Die Realität in der Gegenwart sind Sporthallen, bei denen die Stadt einen Sanierungsstau vor sich herschiebt. Was müsste da getan werden?
Scharf: Man müsste Geld in die Hand nehmen, weil über Jahre nichts gemacht worden ist. Es ist ähnlich wie bei den Bädern. Man wartet, bis eines kaputtgeht.

Gutes Stichwort: Angeblich hat Bonn ja zu viele Bäder. Die Stadt sagt, dass hier eine XXL-Ausstattung vorgehalten wird.
Scharf: Diese Behauptung stimmt einfach nicht. Sowohl bei der Anzahl der Hallenbäder als auch bei der Wasserfläche liegt Bonn im NRW-Vergleich von Städten mit ähnlicher Einwohnerzahl ganz hinten. Und Schwimmen wird in den Hallenbädern gelernt und in der Regel nicht im Freibad.

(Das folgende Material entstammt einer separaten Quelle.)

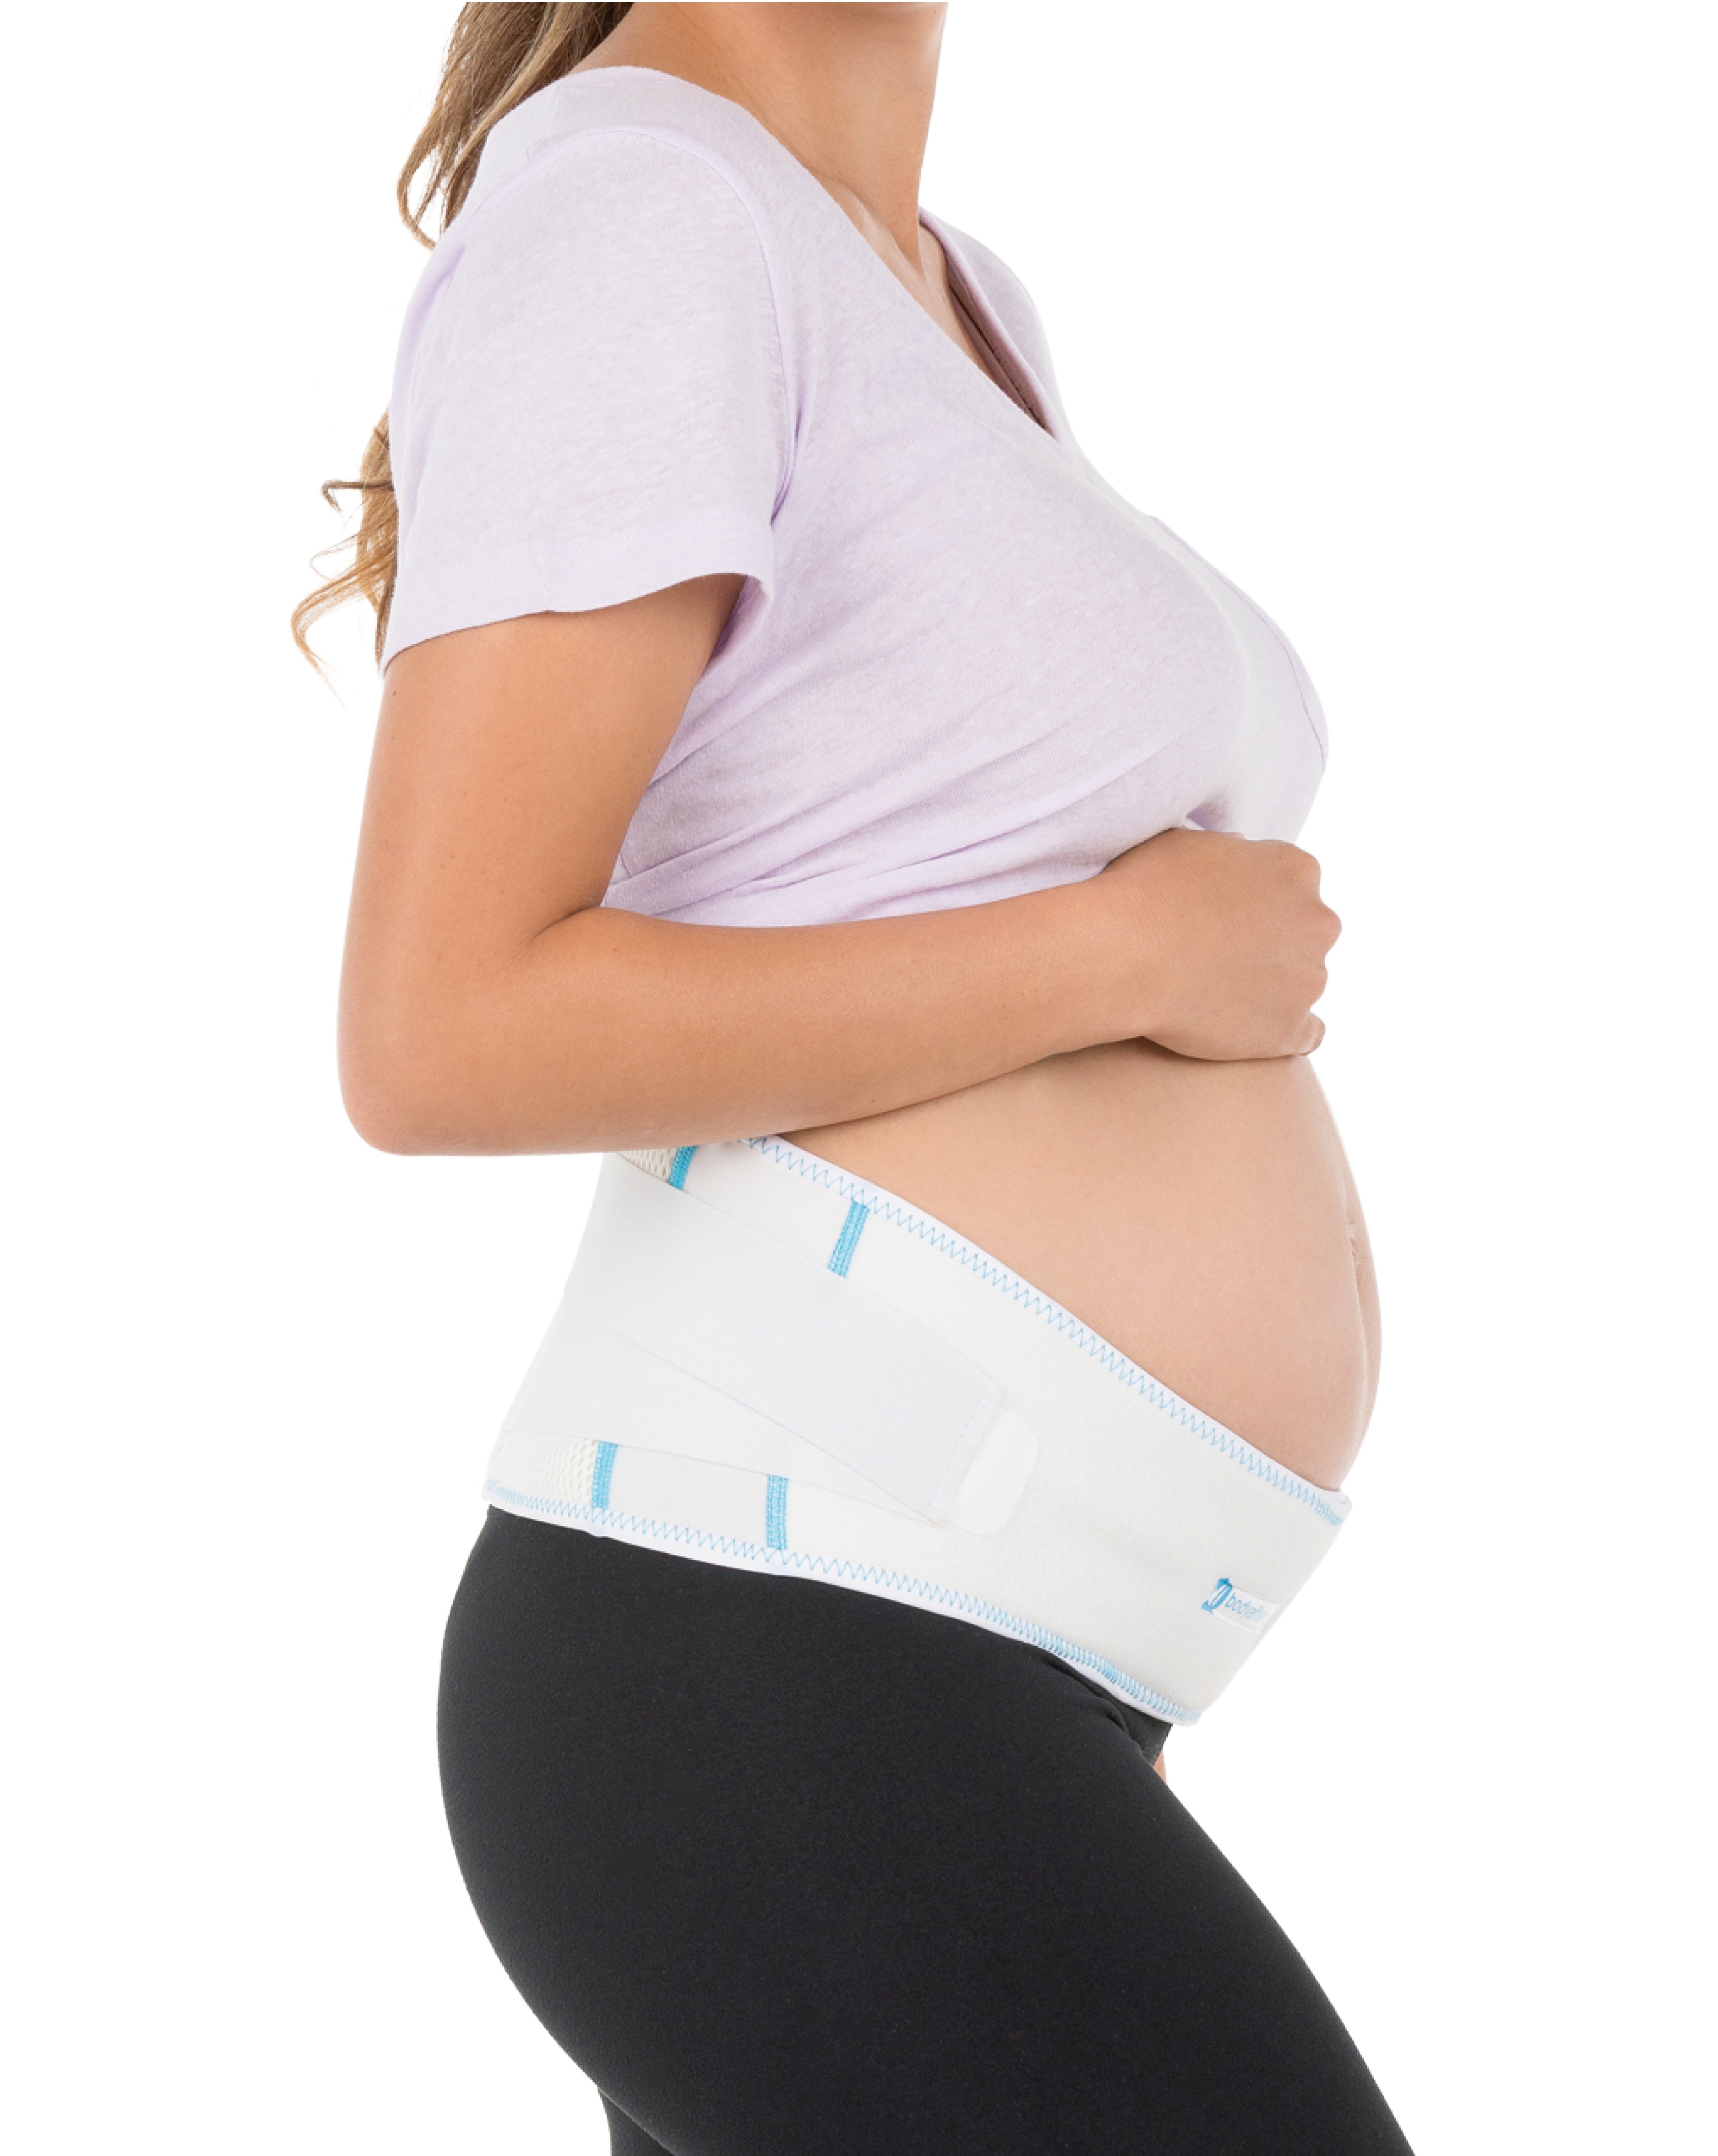 Breathable Maternity Stomach Lift Belt/Abdominal Binder - Black, Shop  Today. Get it Tomorrow!
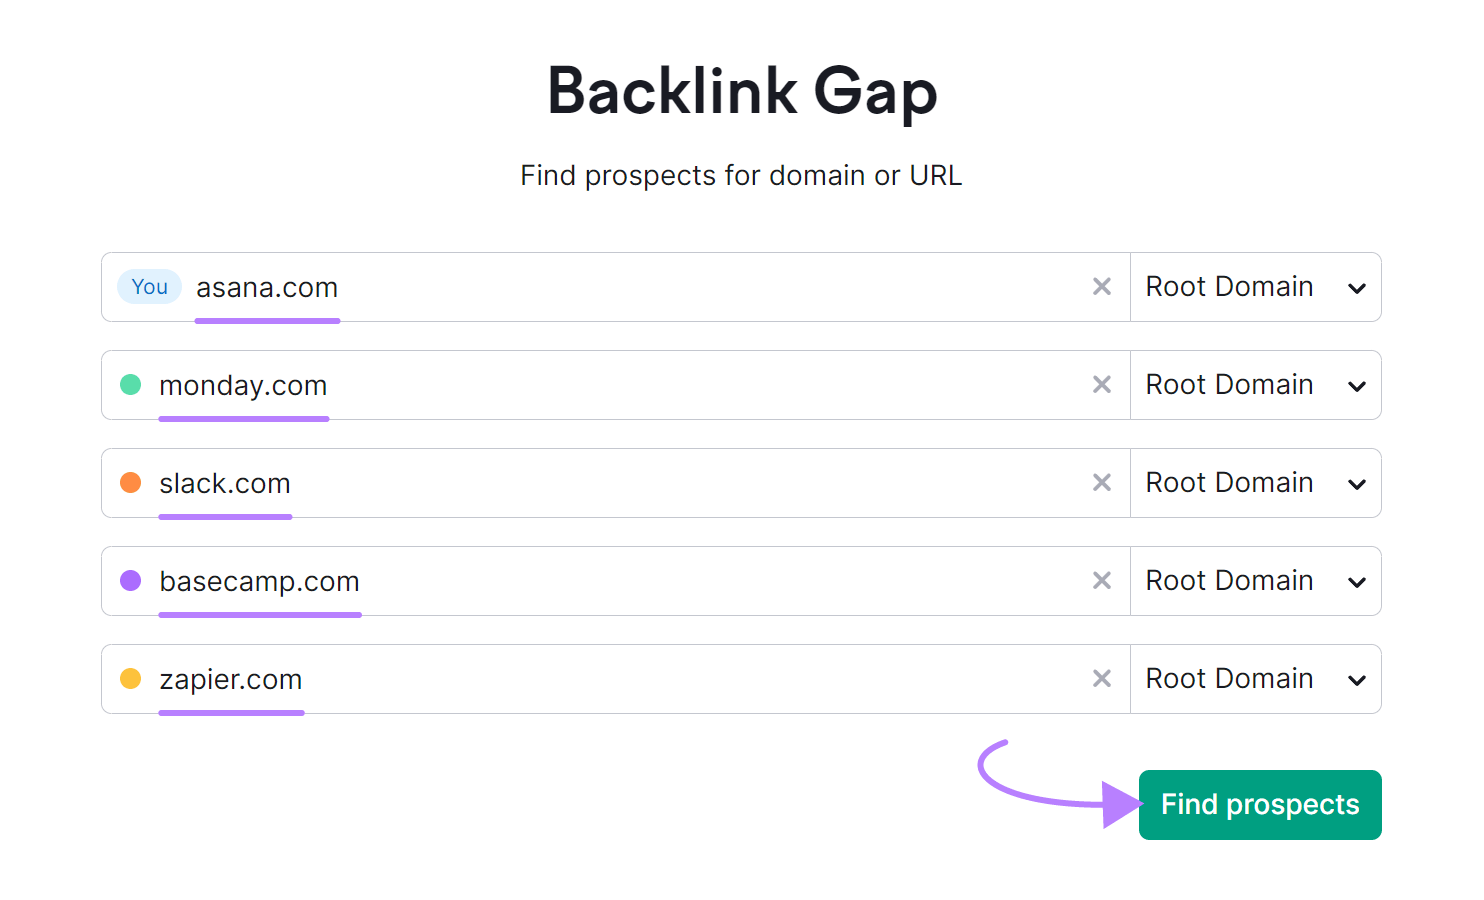 Domains entered into the Backlink Gap search box

Der NRW-Vergleich zeigte aber auch, dass Bonn eine gute Ausstattung an Freibädern hat.
Scharf: Das stimmt. Und das muss man auch differenzieren. Aber die Freibäder sind in Bonn ja schon totgeredet worden. Und trotz der ungünstigen Öffnungszeiten boomten sie in diesem Sommer - welch Überraschung.

Die Stadt ist nicht bereit, den Fördervereinen einzelne Bäder zu überlassen, weil sie Angst hat, am Ende doch auf den Kosten sitzen zu bleiben? Was sagen Sie, um diese Meinung zu entkräften?
Scharf: Es gibt intelligente Lösungen. Wie kommt es denn sonst, dass die SSF Bonn im Sportpark Nord viel Wasserfläche und die bei Weitem größte Nutzerzahl haben und trotzdem nur weniger als die Hälfte des Zuschusses benötigen, den das Frankenbad benötigt. Die Behauptung der Stadt, die Übernahme von Bädern durch Vereine funktioniere kostenmäßig nicht, halte ich für falsch.

Wie finden Sie es, dass die Stadt Bonn ein neues Kombibad bauen will, um alte Schwimmbäder zu schließen?
Scharf: Wir begrüßen so einen Neubau, finden aber einen Standort auf der linksrheinischen Seite besser. Deshalb bitten wir darum, die Sportvereine bei dieser Entscheidung, wenn sie so fällt, mitzunehmen. Fakt ist aber, dass wir nach einer fast 20-jährigen Diskussion mit mehreren Bädergutachten jetzt endlich entscheiden müssen, sonst verliert die Politik jedwede Glaubwürdigkeit beim Thema Bäder in Bonn.

Früher hat die Stadt auch eigene Veranstaltungen akquiriert. Warum findet das nicht mehr statt?
Scharf: Das lebte damals wie heute von Menschen, die gute Kontakte zu Sportverbänden pflegten, wie Hermann Nettersheim und Hermann Henze dies früher waren. So ist das Arena-Meeting im Schwimmen nach Bonn gekommen. Aber diese Persönlichkeiten gibt es in den Verwaltungen heute nicht mehr.

Am 19. Dezember 1992 hat Steffi Graf in der Bonner Hardtberghalle gespielt. Könnte man sich so etwas heute noch vorstellen?
Scharf: Wäre der Bedarf da, so etwas zu organisieren, könnten wir uns beim SSB schnell damit befassen. Aber so ein Wunsch ist uns nicht vorgetragen worden.

Zur Person

Michael Scharf (54) ist seit 2004 im Hauptberuf Leiter des Olympiastützpunktes Rheinland und im Ehrenamt seit 2013 Vorsitzender des Stadtsportbunds Bonn. Er war in den 80er-Jahren einer der besten deutschen Modernen Fünfkämpfer, vierfacher deutscher Mannschaftsmeister und 1987 Einzelmeister. Als Funktionär war er von 1996 bis 2012 Vorsitzender der SSF Bonn. Der 54-Jährige hat zwei Töchter (20 und 18 Jahre).